Fonti dell’IDF hanno riferito al Times of Israel che tra i morti c’era Ramzi Ramadan Abd Ali Salah, comandante delle forze navali di Hamas nel nord della Striscia, insieme ad altri dirigenti del movimento.

Centinaia di palestinesi sono stati uccisi nelle ultime settimane mentre cercavano disperatamente cibo: affollavano i convogli saccheggiati, le distribuzioni delle Nazioni Unite o i punti gestiti dalla Gaza Humanitarian Foundation, una controversa organizzazione privata sostenuta da Stati Uniti e Israele, attiva da un mese.

Sabato, il gabinetto di sicurezza israeliano ha autorizzato la ripresa dei convogli umanitari diretti nel nord di Gaza, dove la crisi è più grave. La decisione è stata osteggiata dai partiti dell’estrema destra al governo, che sostengono che gli aiuti verranno comunque requisiti da Hamas e che non dovrebbe entrare nulla nella Striscia.

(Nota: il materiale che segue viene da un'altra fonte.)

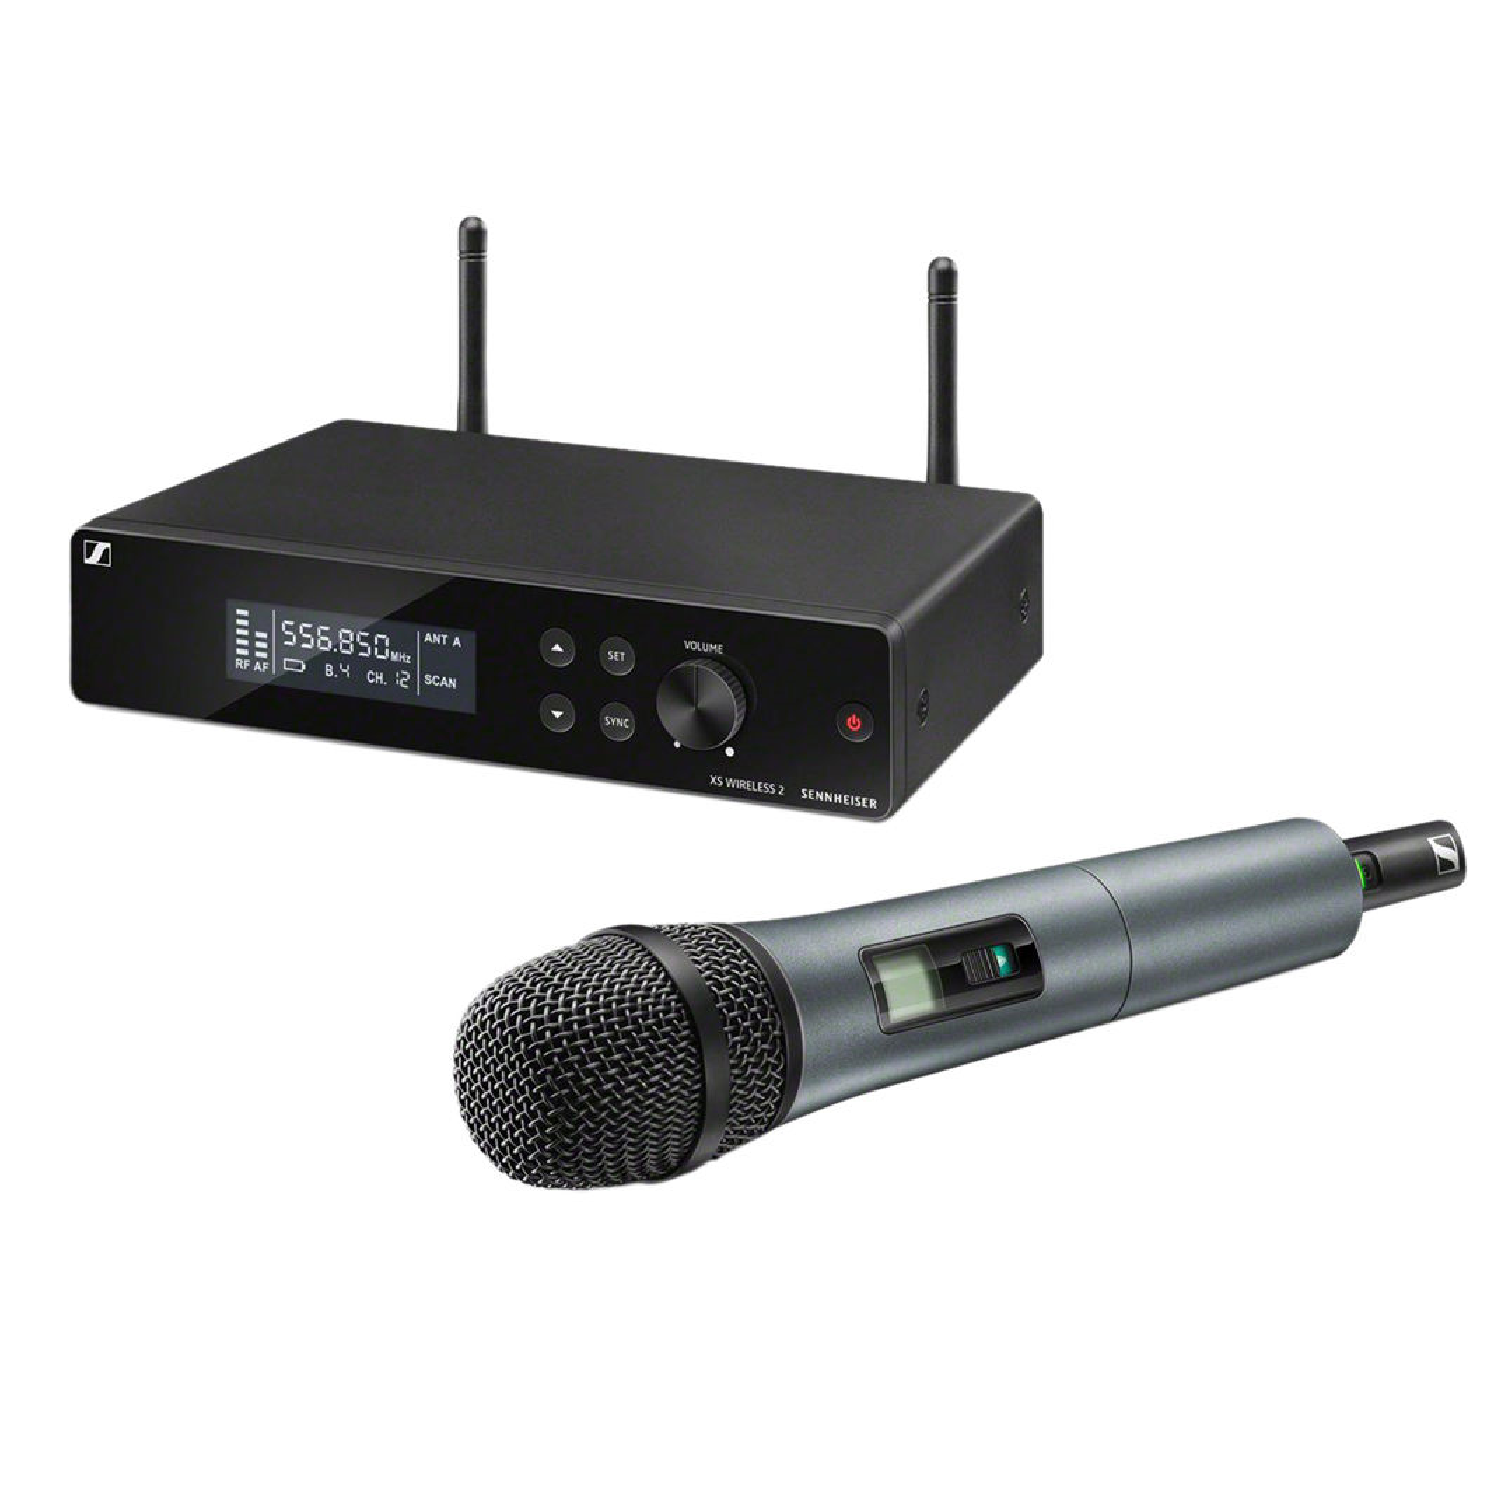 Wireless Handheld Microphone System with E865 Capsule   XSW 2 865 A sennheiser

Domenica, il leader di un gruppo armato palestinese rivale di Hamas – accusato di aver saccheggiato aiuti – ha ammesso in un’intervista alla radio pubblica israeliana di coordinarsi con l’esercito israeliano.

«Li informiamo, ma le azioni militari le conduciamo autonomamente», ha dichiarato Yasser Abu Shabab a Makan, l’emittente in lingua araba dell’emittente pubblica israeliana.